→ Data extract:
################
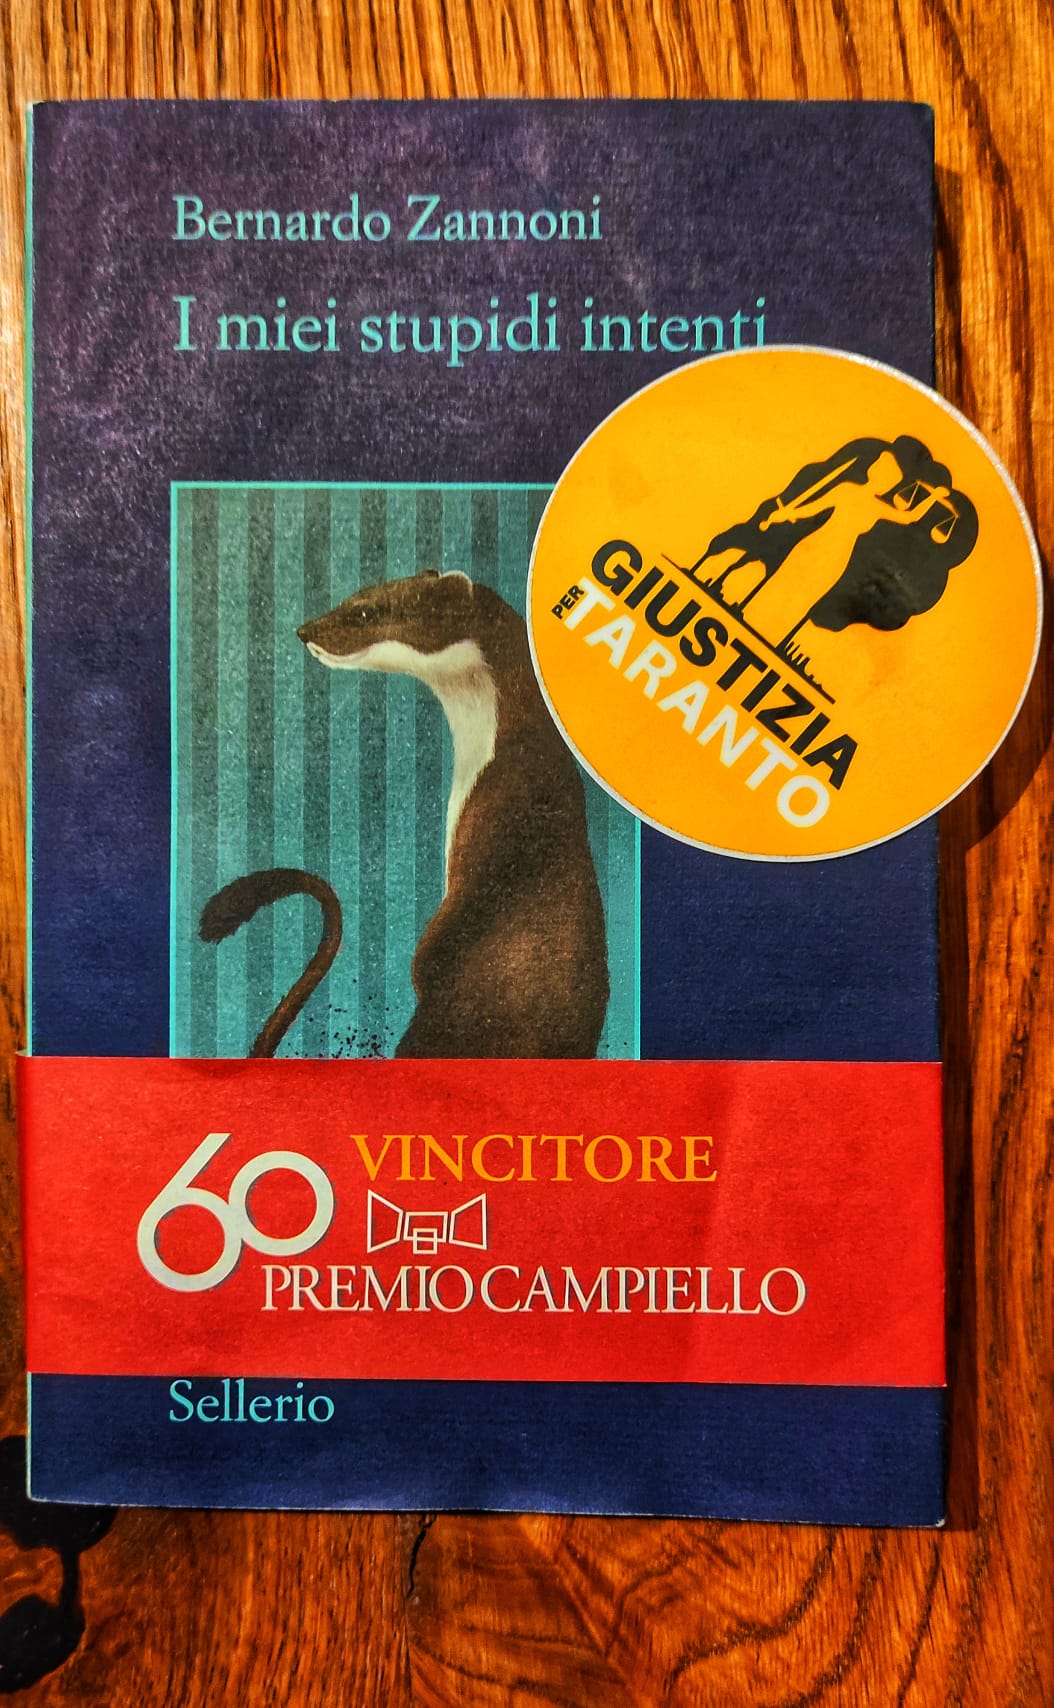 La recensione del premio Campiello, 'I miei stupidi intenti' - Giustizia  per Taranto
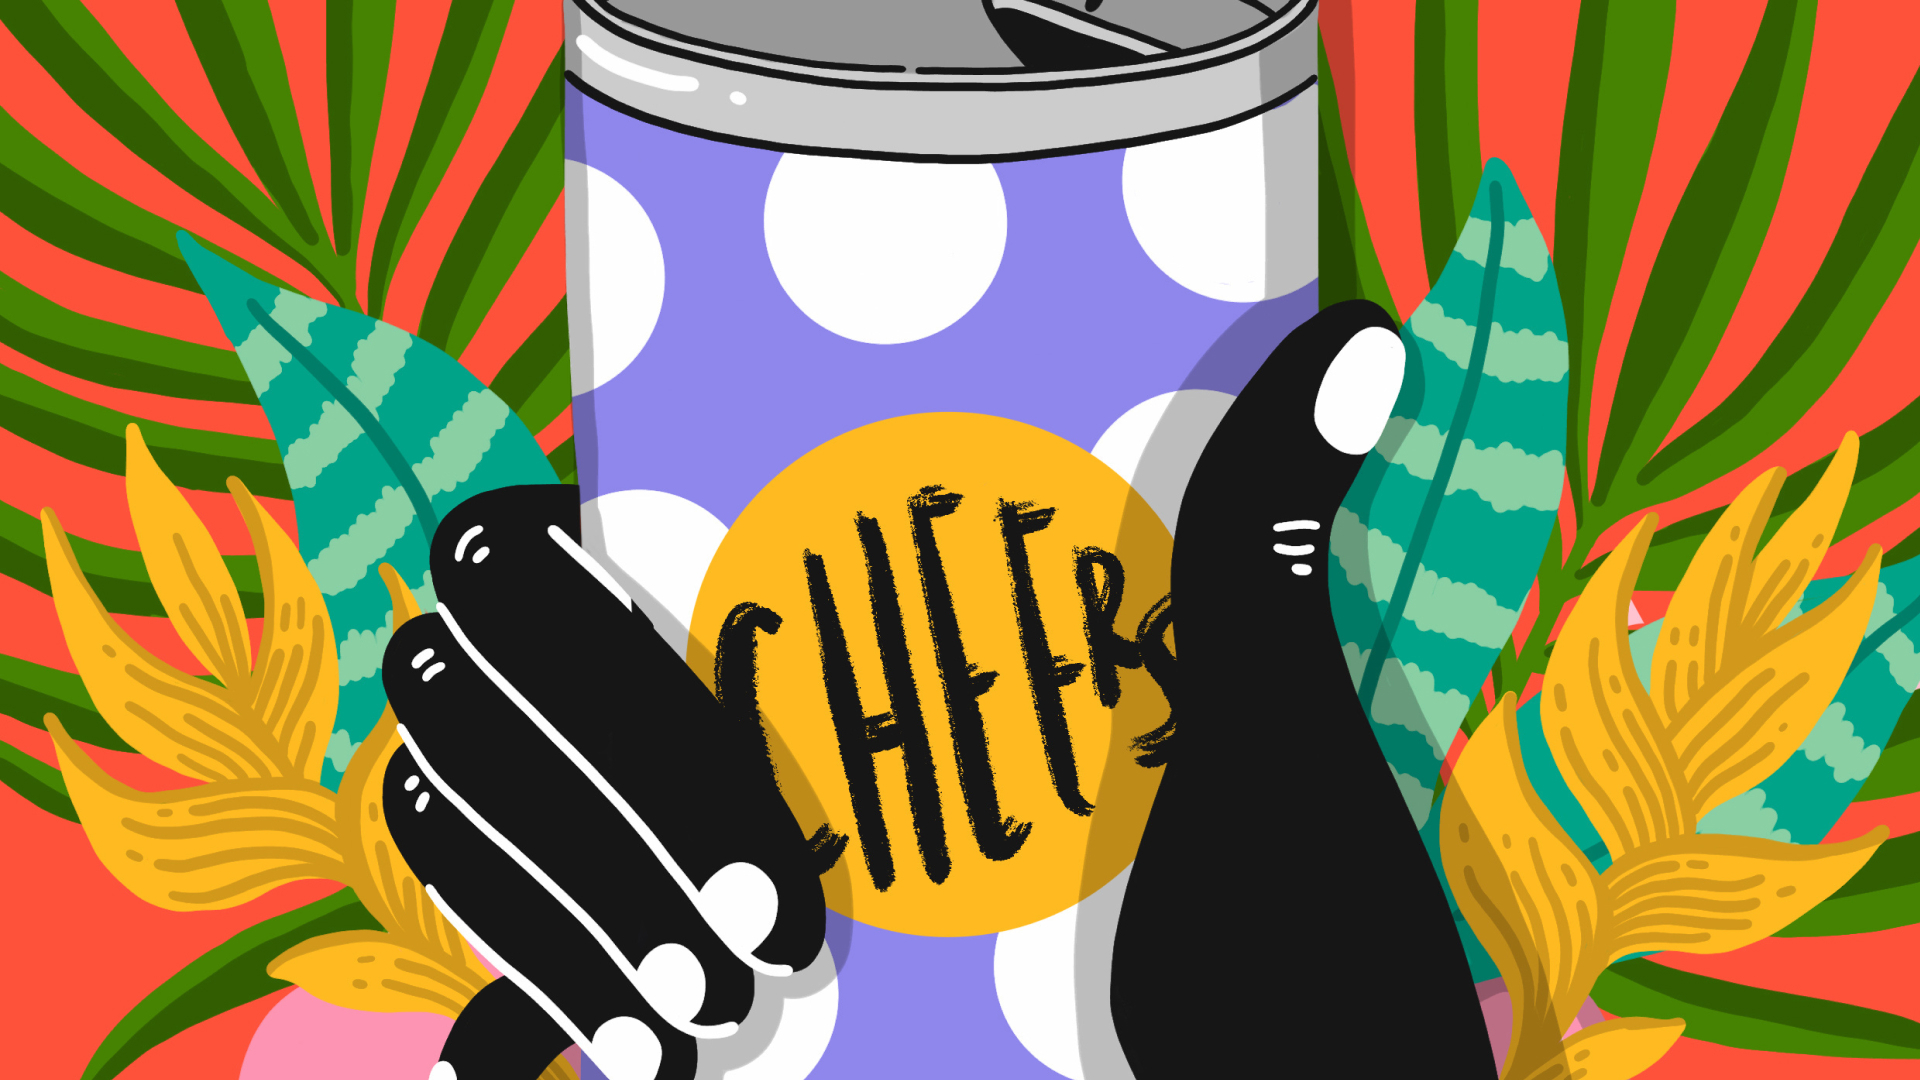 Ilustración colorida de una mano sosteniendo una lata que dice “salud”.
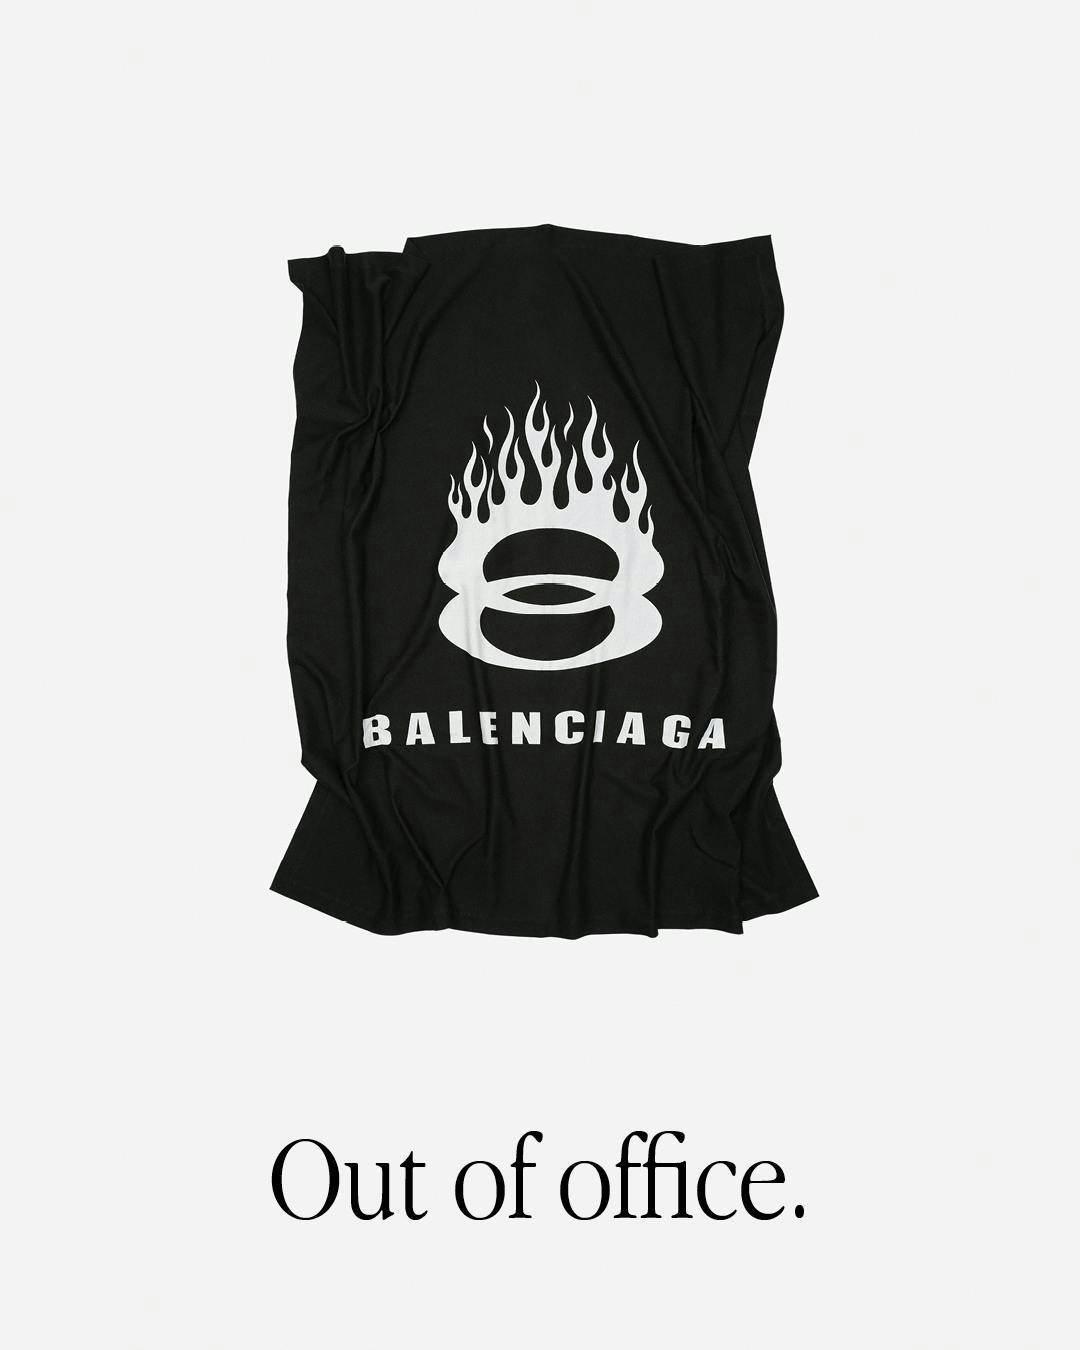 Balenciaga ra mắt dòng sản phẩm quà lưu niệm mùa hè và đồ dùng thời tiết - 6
################
→ Problem requirements:
Nothing but the pictures is to be left out; repeat the data exactly.

→ Response area:
 La recensione del premio Campiello, 'I miei stupidi intenti' - Giustizia  per Taranto
 Ilustración colorida de una mano sosteniendo una lata que dice “salud”.
 Balenciaga ra mắt dòng sản phẩm quà lưu niệm mùa hè và đồ dùng thời tiết - 6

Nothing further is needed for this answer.